Lara Mowery, the global head of distribution at Guy Carpenter, led the panel. She was joined by: Sebastian Cook, managing director and head of London Europe; Christopher Ross, managing director of treaty broking; Shiv Kumar, president of GC securities; Dr Jessica Turner, managing director for catastrophe advisory; and Erica Davis, managing director and global co-head of cyber.
In the briefing, Mowery claimed that reinsurers’ risk appetites and product offerings continue to evolve in response to emerging market realities. Meanwhile, differentiation remains valuable.
“Some drivers of uncertainty are dissipating. Primary rates are stabilizing, and ample traditional, as well as alternative capital, is bolstering the sector,” she continued. “The market will continue to monitor how COVID-19 claims are resolved and how the losses of 2021 develop while also turning attention to evolving risks including cyber and climate change.”

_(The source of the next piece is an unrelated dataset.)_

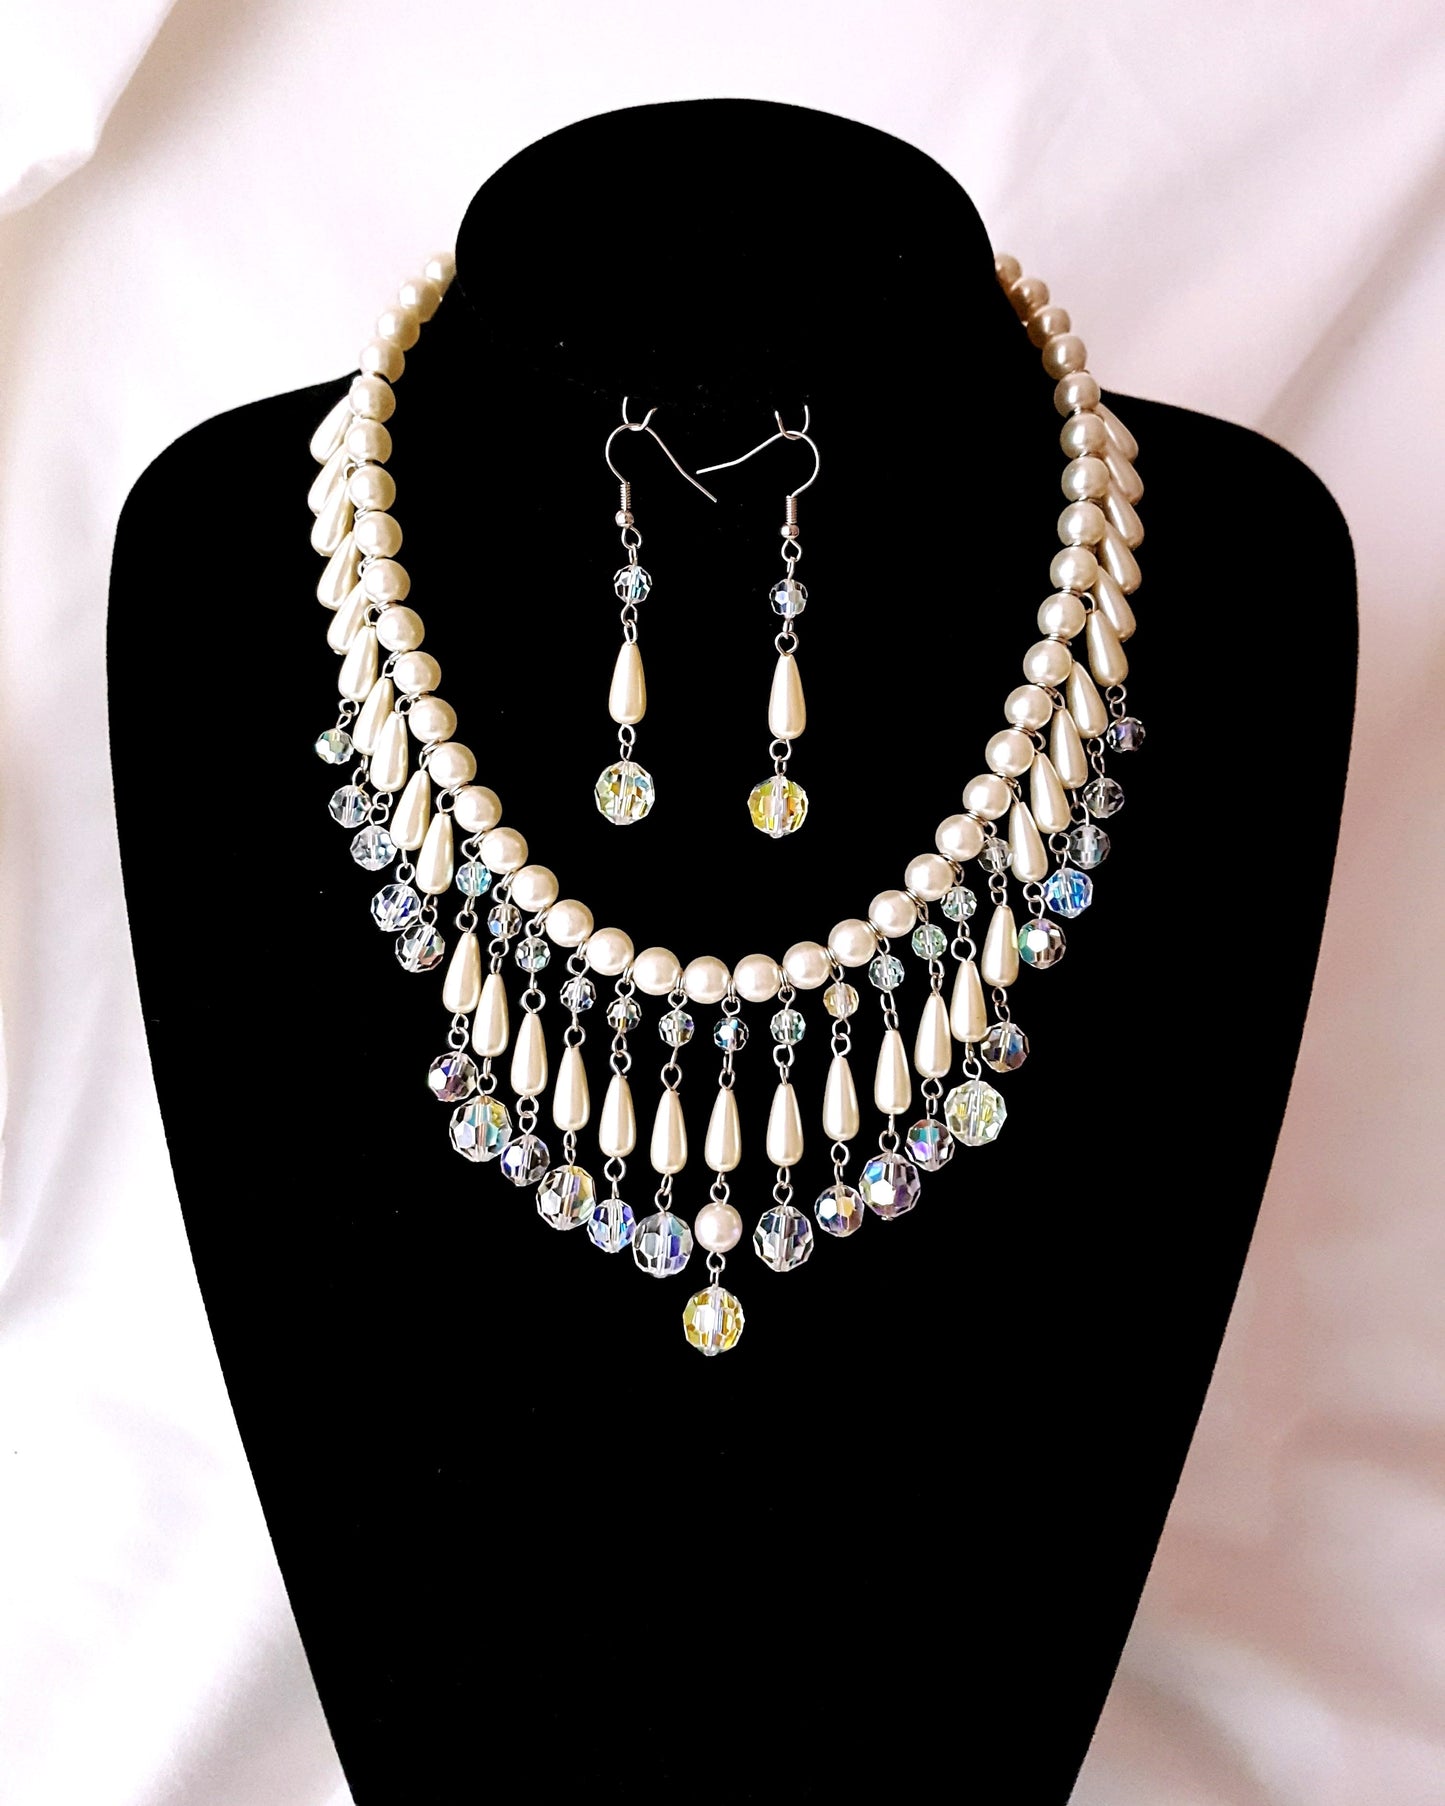 Pearl Crystal Elaborate Beaded Collar Necklace and Earring Set made with White Vintage Pearls and Clear AB Vintage Crystal

Cook stated that the US Property Catastrophe Rate-on-Line (ROL) Index increased by 6% for renewals from January through July, around half of the increase experienced over the same period in 2020. Meanwhile, in Asia, the increase was approximately 5%.
Overall, ROL levels were impacted by several factors, including some upward shifts in retentions, particularly on loss-impacted programmes, additional limits purchased on the top end of programmes, and increased pricing.
Ross explained that multiple counterbalancing factors are impacting the marketplace, with capacity reductions, retention increases, coverage restrictions, and focus on client risk-management strategies affecting levels of rate increases.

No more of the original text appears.